How are the main components of government set up : How are the main components of government set up by your state's constitution? Which branch of your state government seems the most powerful, on paper?
The importance of ontologies for unstructured data warehouse : As its usage increases with time coupled with rapid generation of data volume, datawarehouse should be able to scale adequately.
Lives and conventional cash flows : Aesop has to choose between two mutually exclusive projects that have 5-year lives and conventional cash flows.
Option to borrow a fixed rate us mortgage : Suppose that you are given the option to borrow a fixed rate US mortgage of $80,000 at 12% for 25 years with monthly payments.
Write an analytical essay of a published article : You must write an analytical essay of a published article (provided below). You must evaluate the overall persuasiveness of the argument made in the article.
Prepare a reflection paper on it and cybersecurity : Prepare a reflection paper on IT and cybersecurity presentations from the following 9 organizations.

Reviews

Write a Review

Management Information Sys Questions & Answers

  Advantage to integrating a computerize

Suggest a significant advantage to integrating a computerized physician order entry system (COPE) and a clinical decision support system (CDSS), as part of an organization's EHR.

  Write a research paper that related to business intelligence

Write a research paper in APA format on a subject of your choosing that is related to Business Intelligence. Integrate what you have learned from the course resources into your document.

  Devise a plan to assess the current challenges

Read the case study titled "High Quality Healthcare: A Case of Cost and Quality,". Next, devise a plan to assess the current challenges facing the hospital.

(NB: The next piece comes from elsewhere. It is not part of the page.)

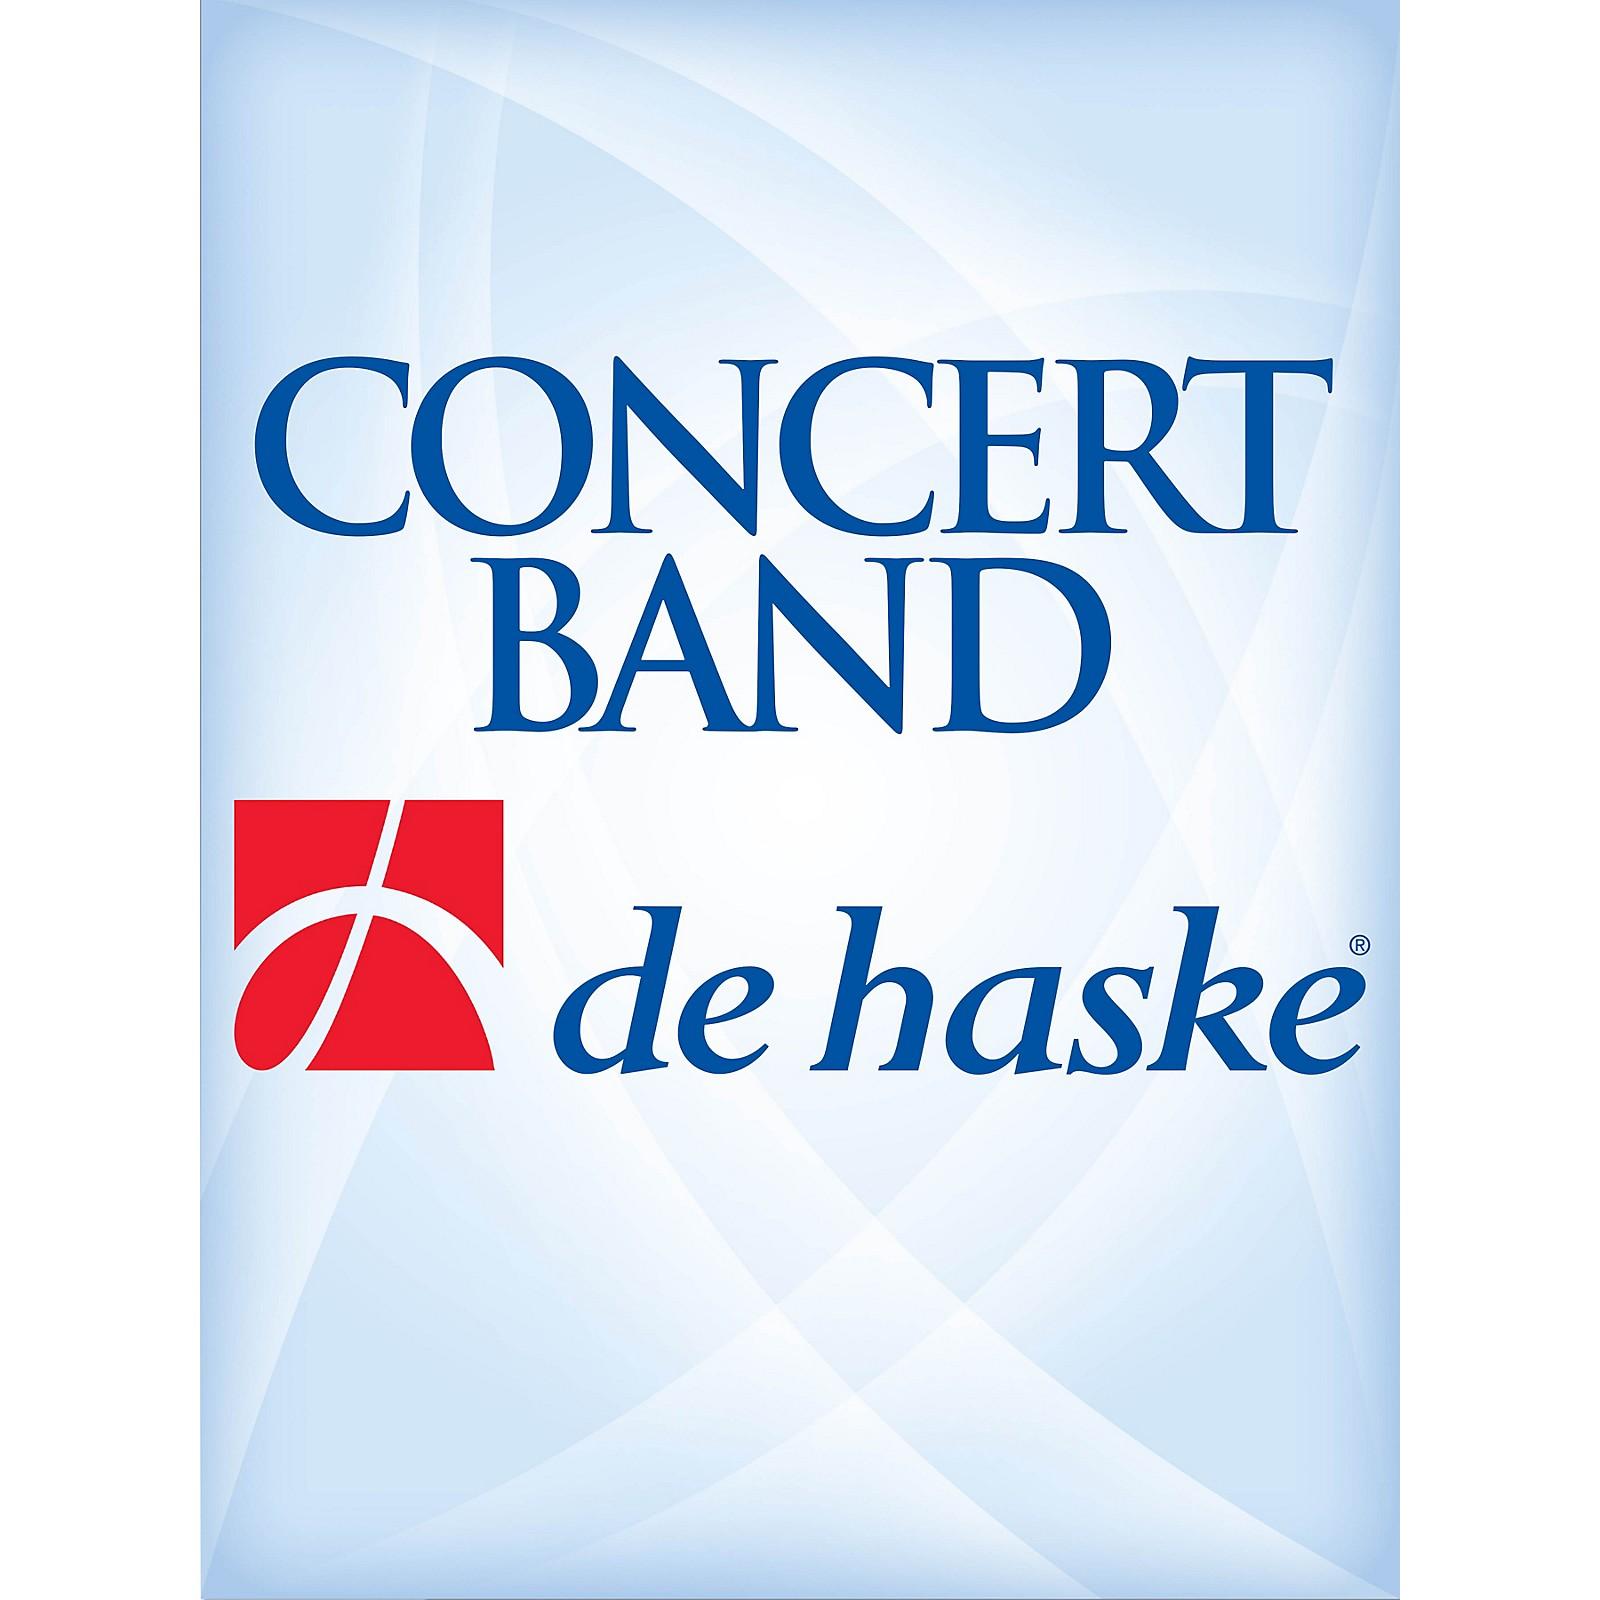 Hal Leonard Tanczi  Concert Band Sc/pts Gr4 Time-13:30 Full Score Concert Band

  Define the service level agreement

Your customer has asked you to define the Service Level Agreement (SLA).Write a 2- to 3-page paper that defines the components required in the SLA.

  Write paper on office of management and budgets

Write Research Paper on given topics: Office of Management and Budget's (OMB) and Federal Information Security Management Act (FISMA)

  Define criteria for success for your application

Define criteria for success for your application. Assess how likely your application is to achieve success. Compare the potential benefit of your social networking application to the facilities management and scheduling application.

  Analyze the term risk appetite

Assignment: Organizational Risk Appetite and Risk Assessment, Analyze the term "risk appetite". Then, suggest at least one (1) practical example in which it applies

  Write your conclusion of written report for the it solution

Finishing the IT Solution and Reflecting on the IT Solution's Development. Write your conclusion of the written report for the IT solution.

  Why did calgary drop-in and rehab centre need a new database

Why did Calgary Drop-In and Rehab Centre need a new database? What did Facey hope to achieve from the new database (in terms of its impact on business)?

  Define information and communication technology

Define Information and Communication Technology (ICT), and explain why it is a very important component of cyber security.

  Develop the forensics and csirt plan strategy

Develop the forensics and CSIRT plan strategy for Applied Predictive Technologies Company.

  Discuss about agile or agile project management

Discuss the one thing about Agile/Agile project management that excites you about Agile/Agile project management after completing this course.

Free Assignment Quote

Assured A++ Grade

Get guaranteed satisfaction & time on delivery in every assignment order you paid with us! We ensure premium quality solution document along with free turntin report!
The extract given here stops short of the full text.